### RECORDED INFORMATION

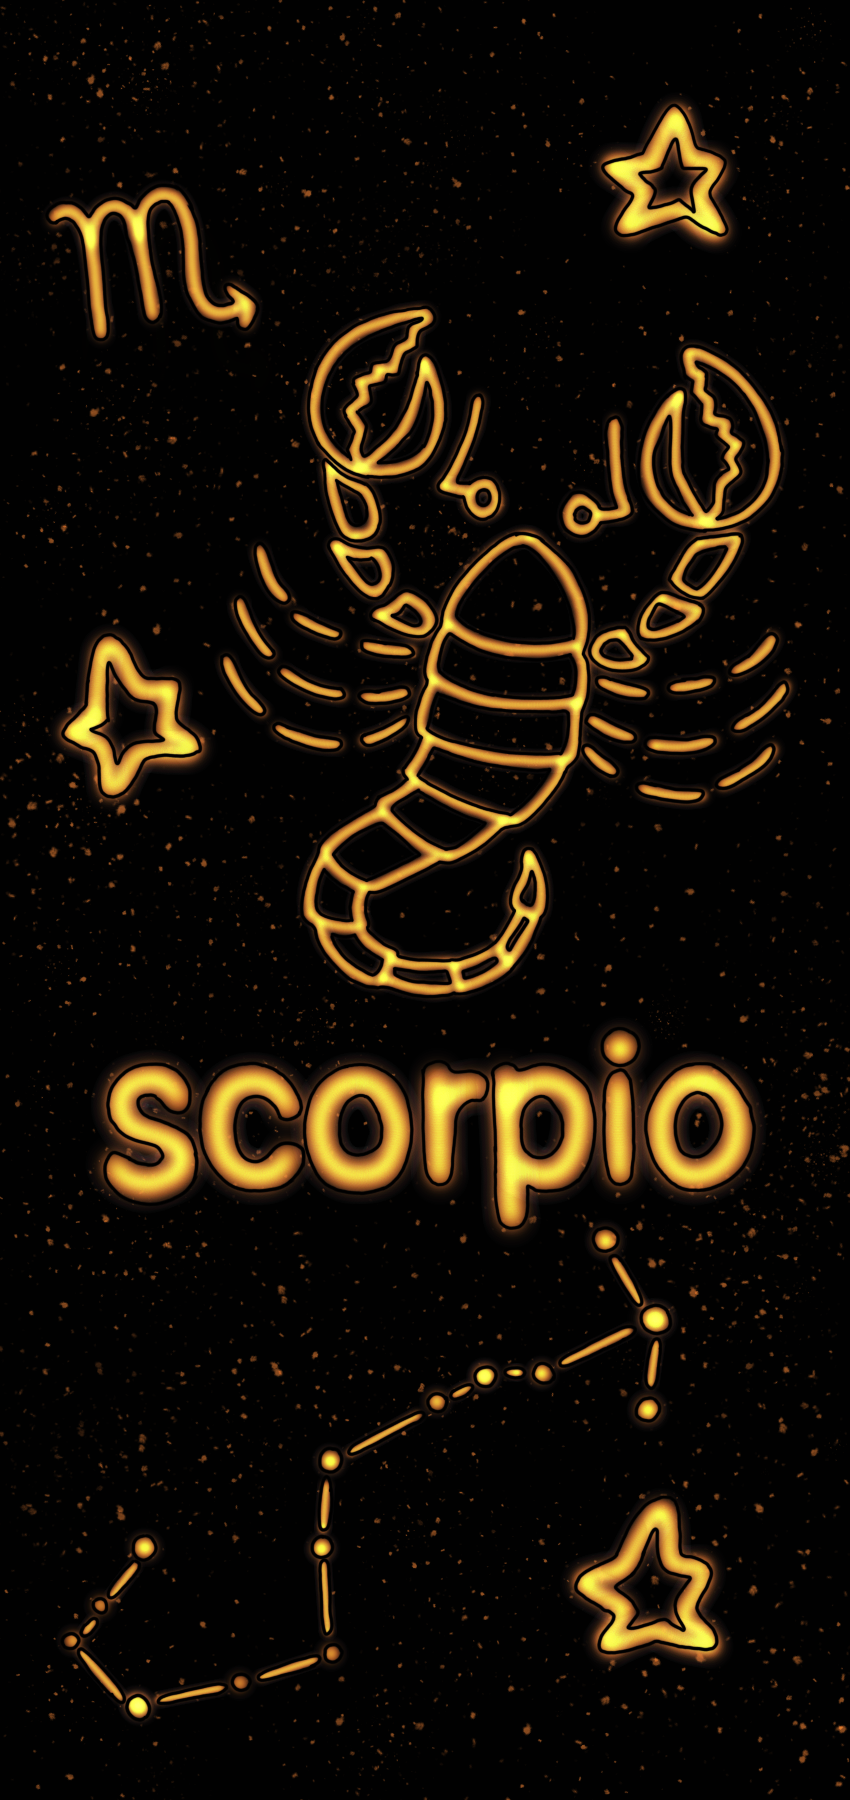 Scorpio Zodiac Wallpaper iPhone. Zodiac scorpio art, Scorpio sign, Scorpio
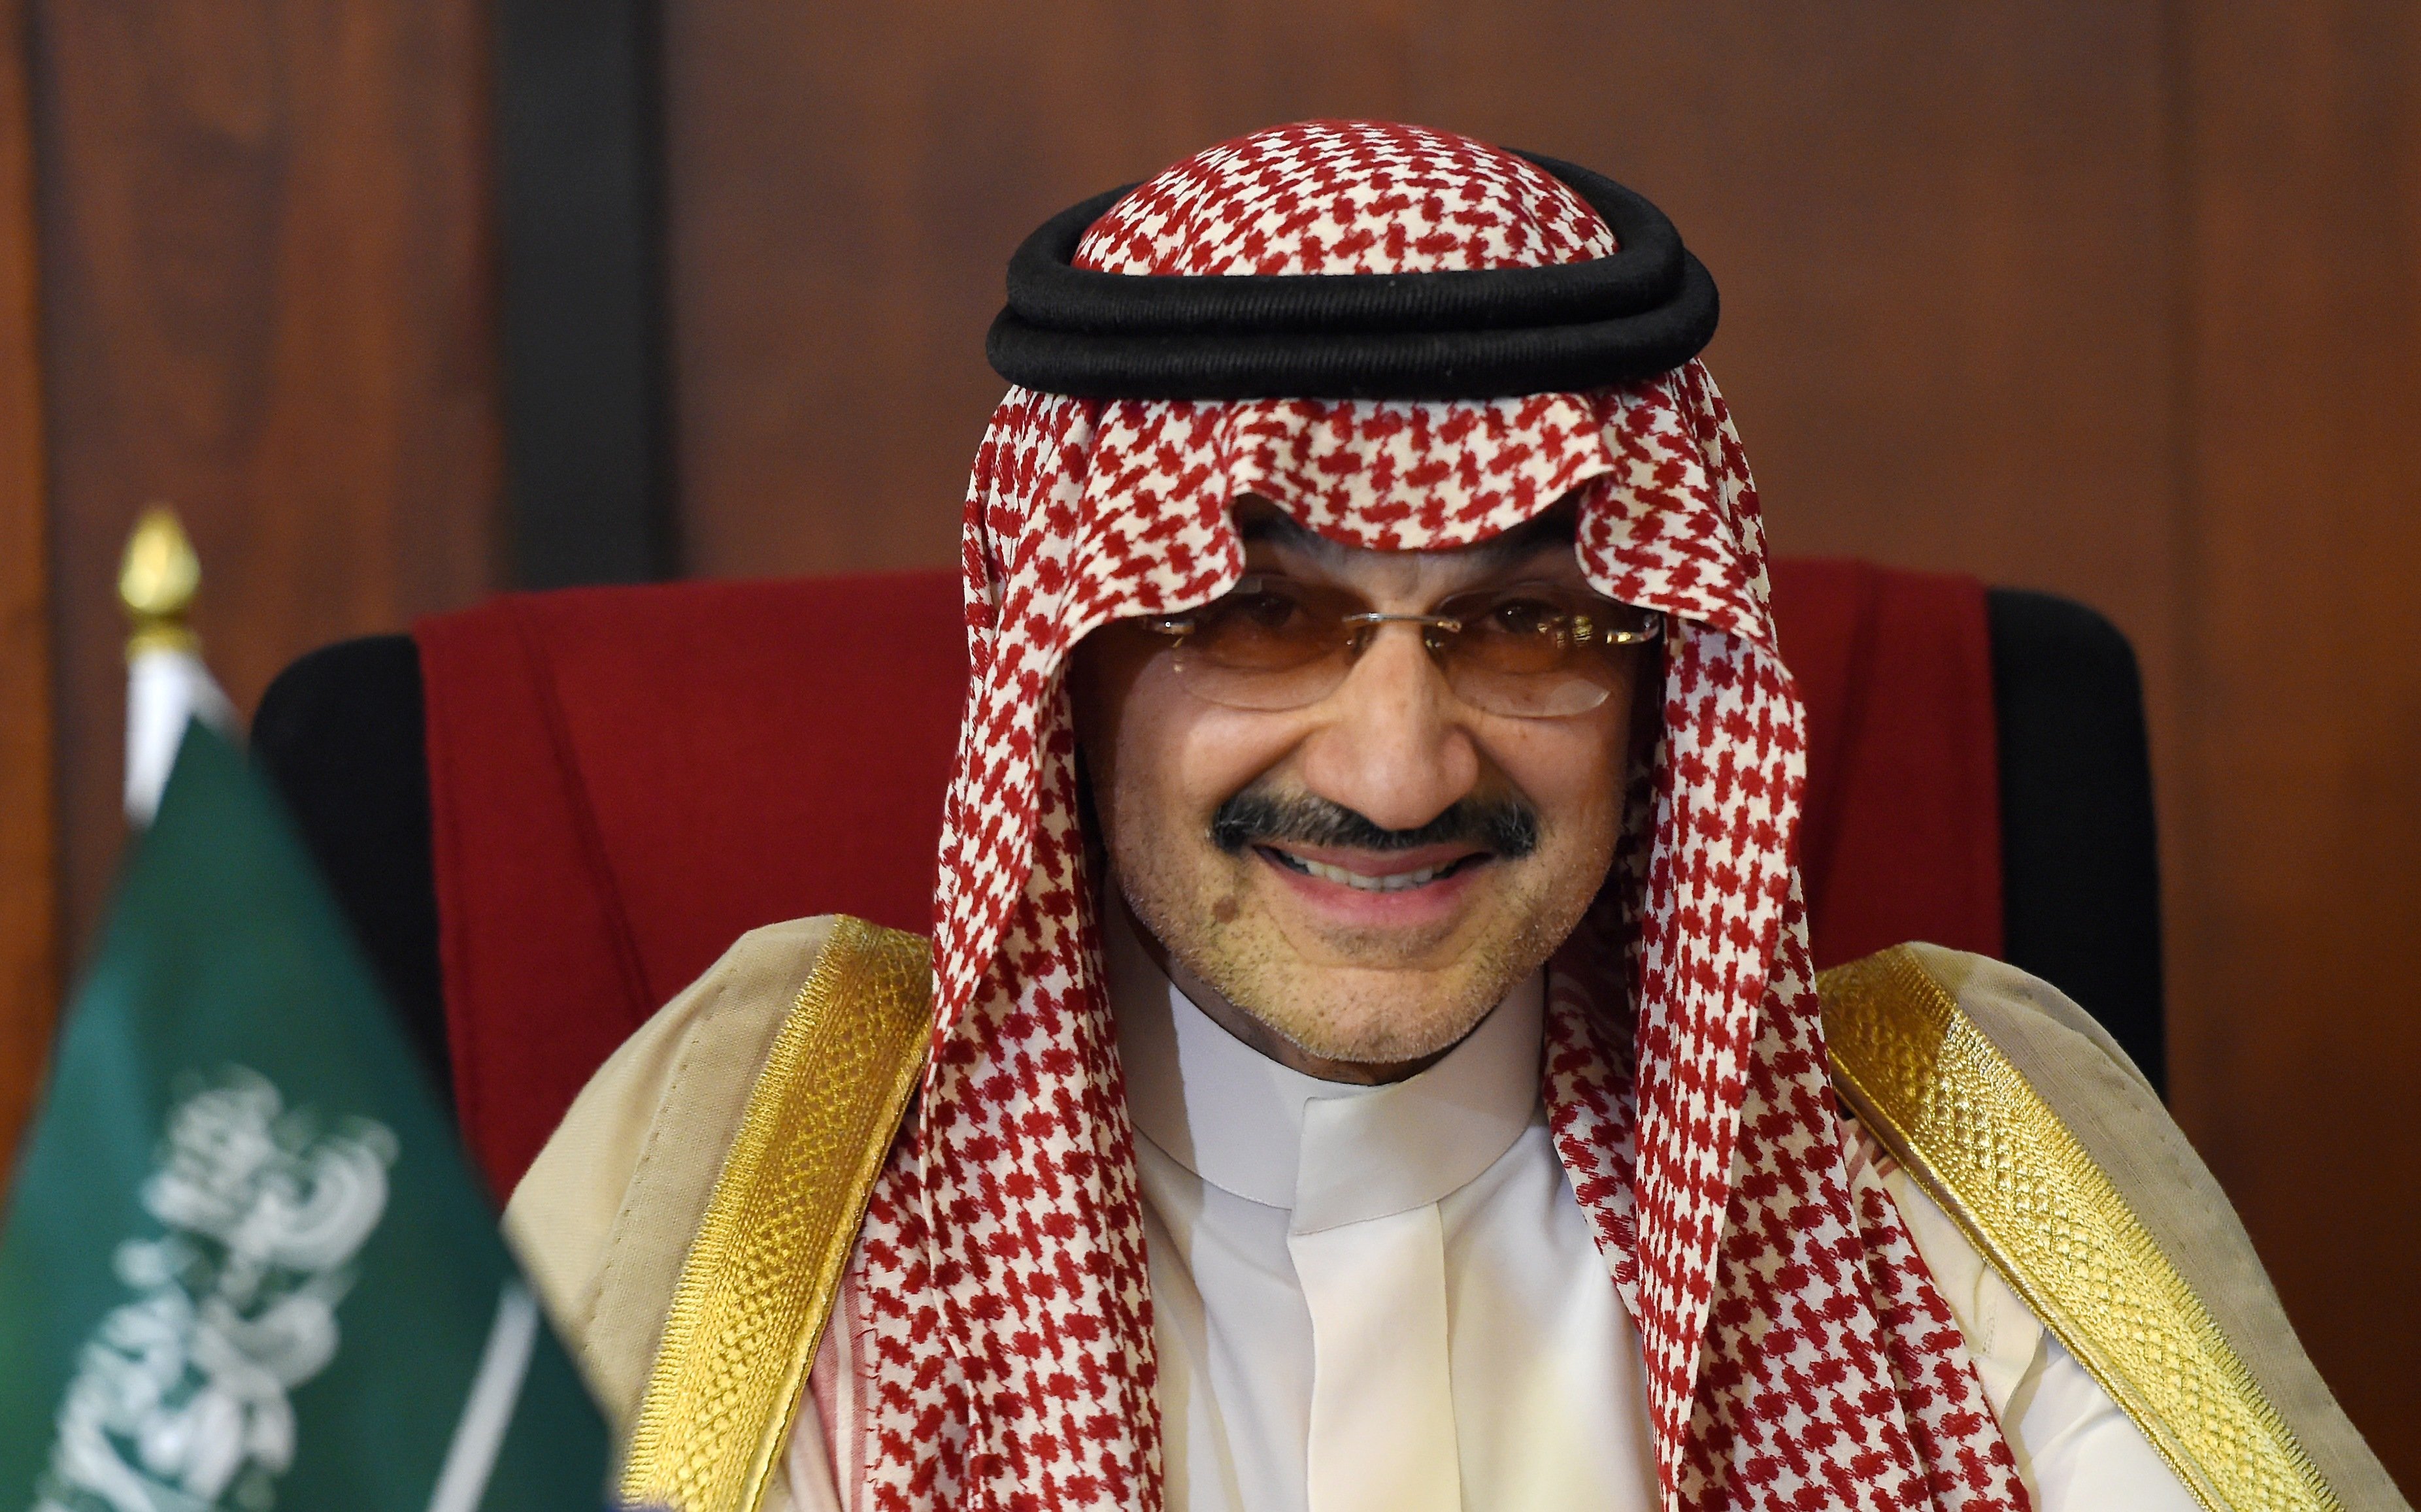 Saudi royal Getty Images/ISHARA S. KODIKARA
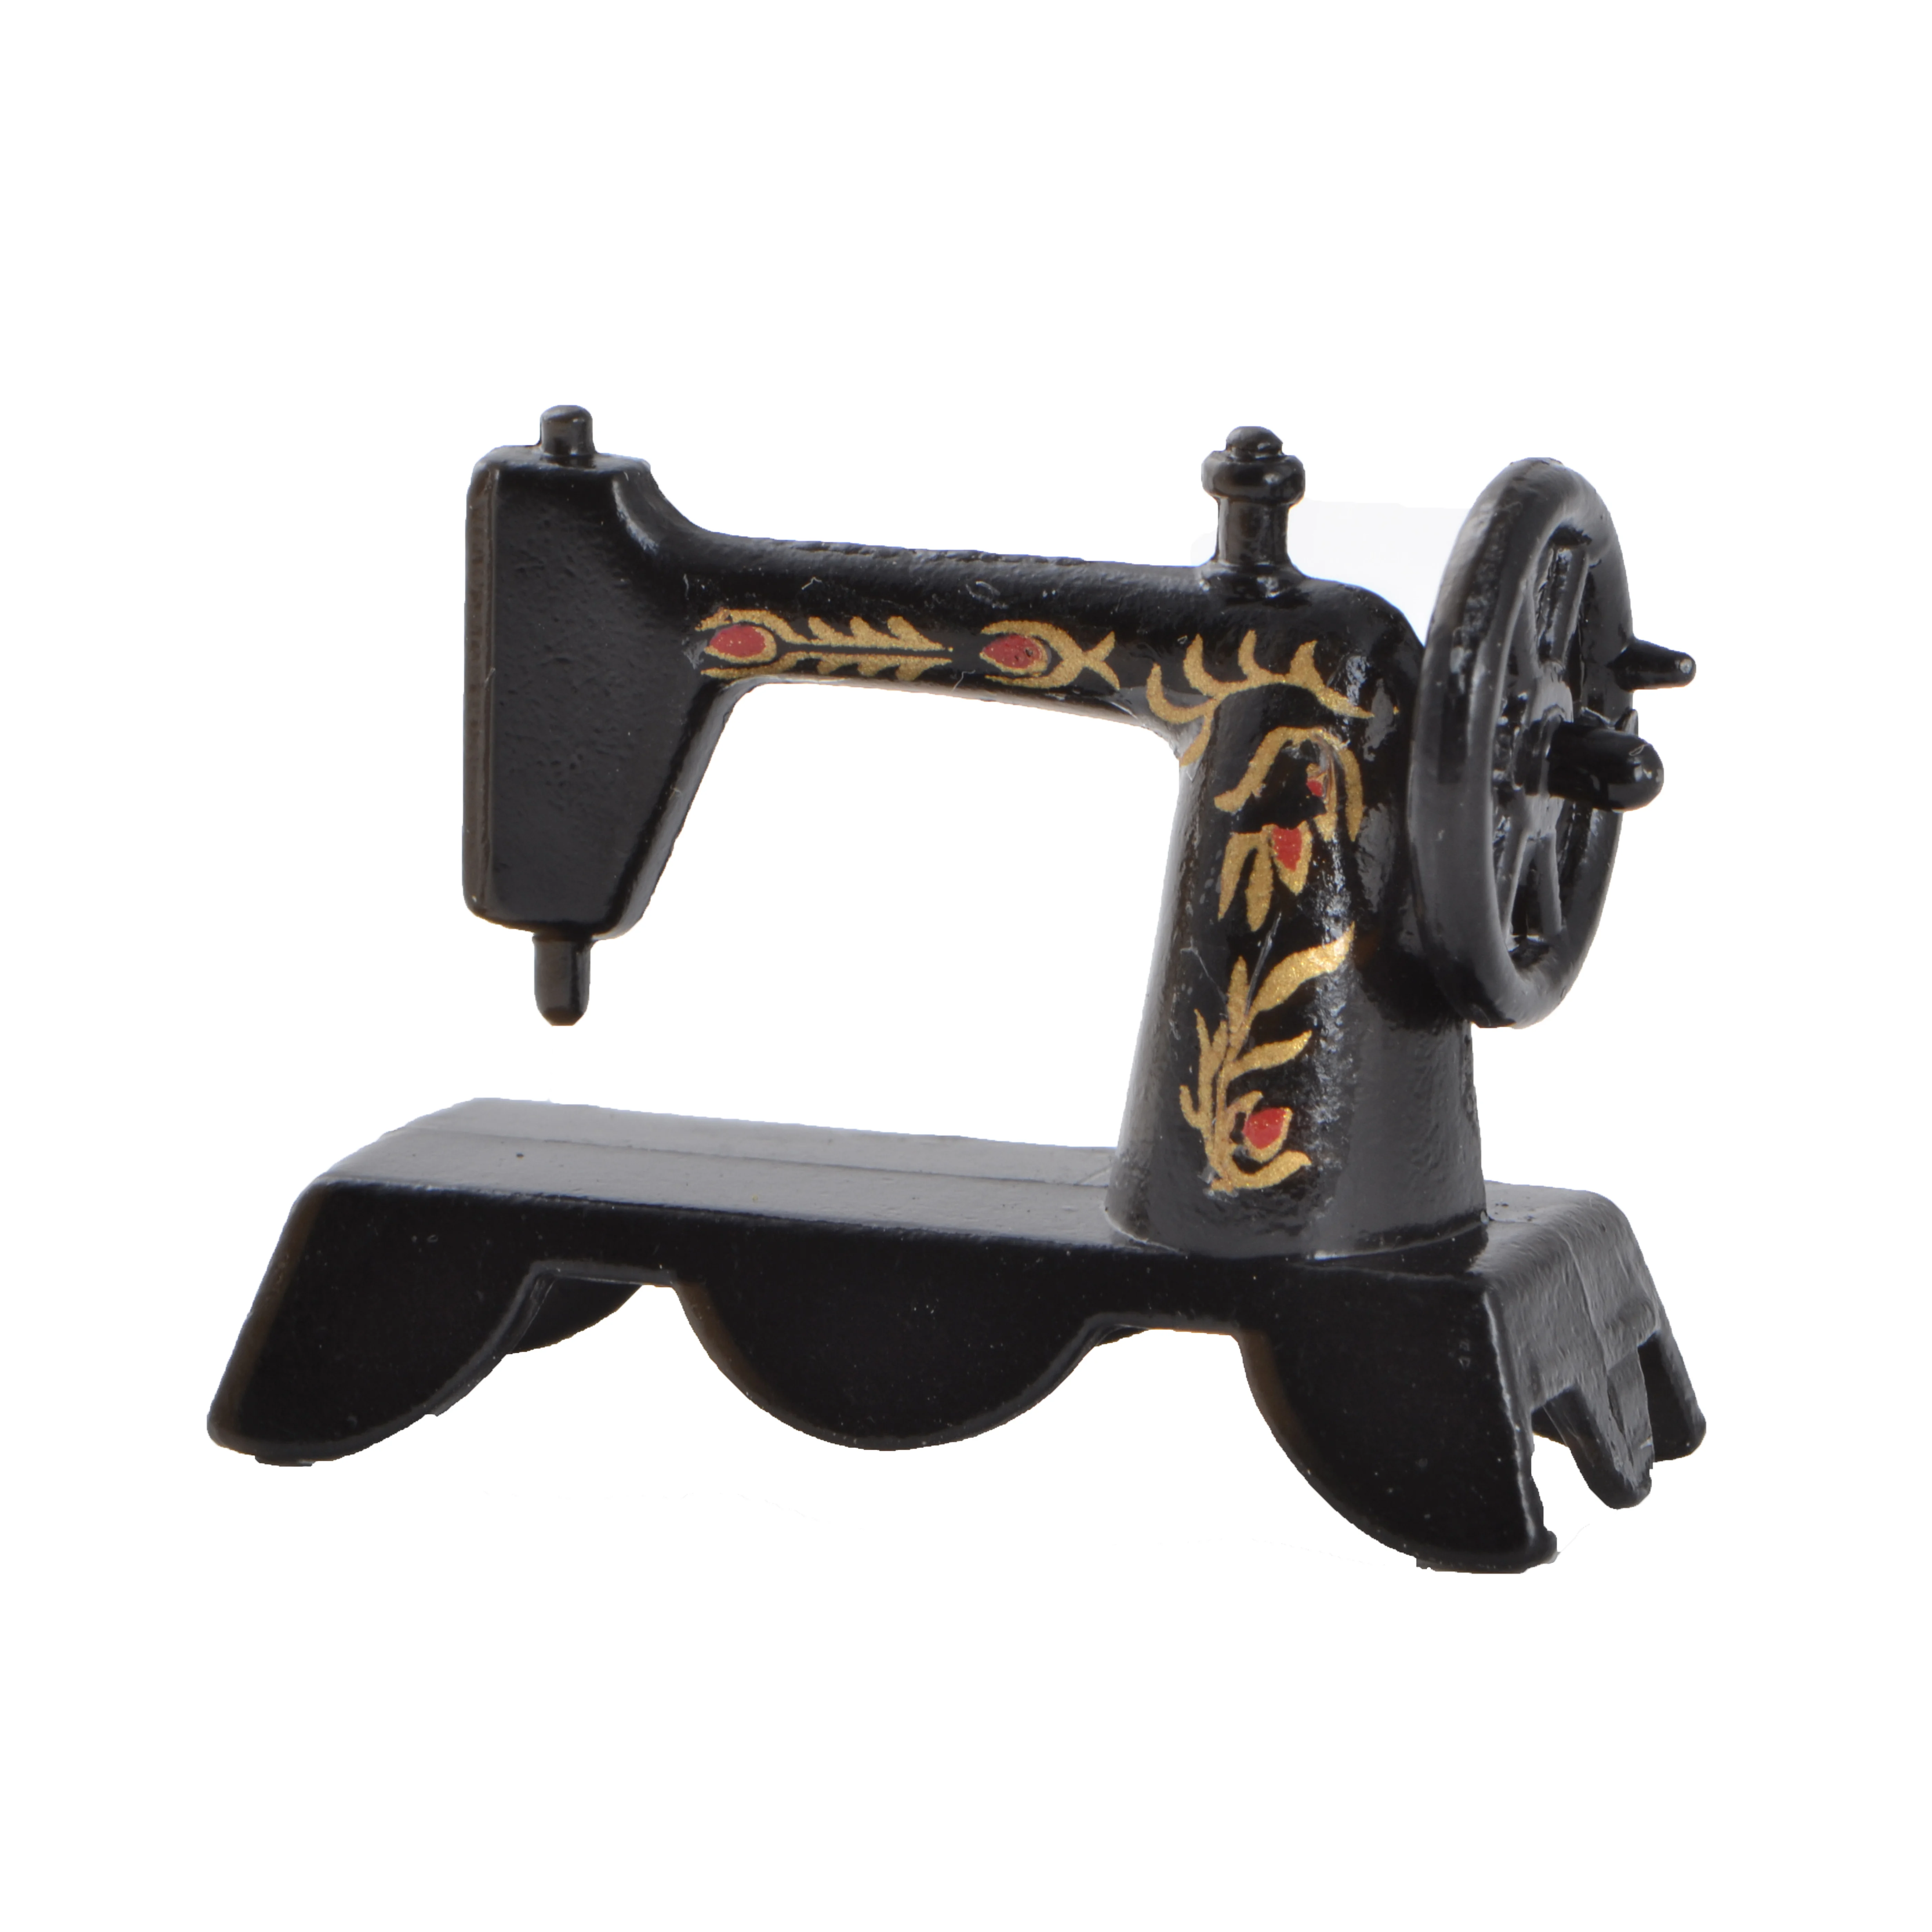 CREAL 72060 vieja máquina de coser metal 1:12 para casa de muñecas nuevo #

### WHAT YOU WILL DO
Begin the copy at the line containing "Saudi royal Getty Images/ISHARA S. KODIKARA" and end it at the final line of the material above, reproducing each line exactly and omitting pictures.

### FINAL ANSWER
 Saudi royal Getty Images/ISHARA S. KODIKARA
 CREAL 72060 vieja máquina de coser metal 1:12 para casa de muñecas nuevo #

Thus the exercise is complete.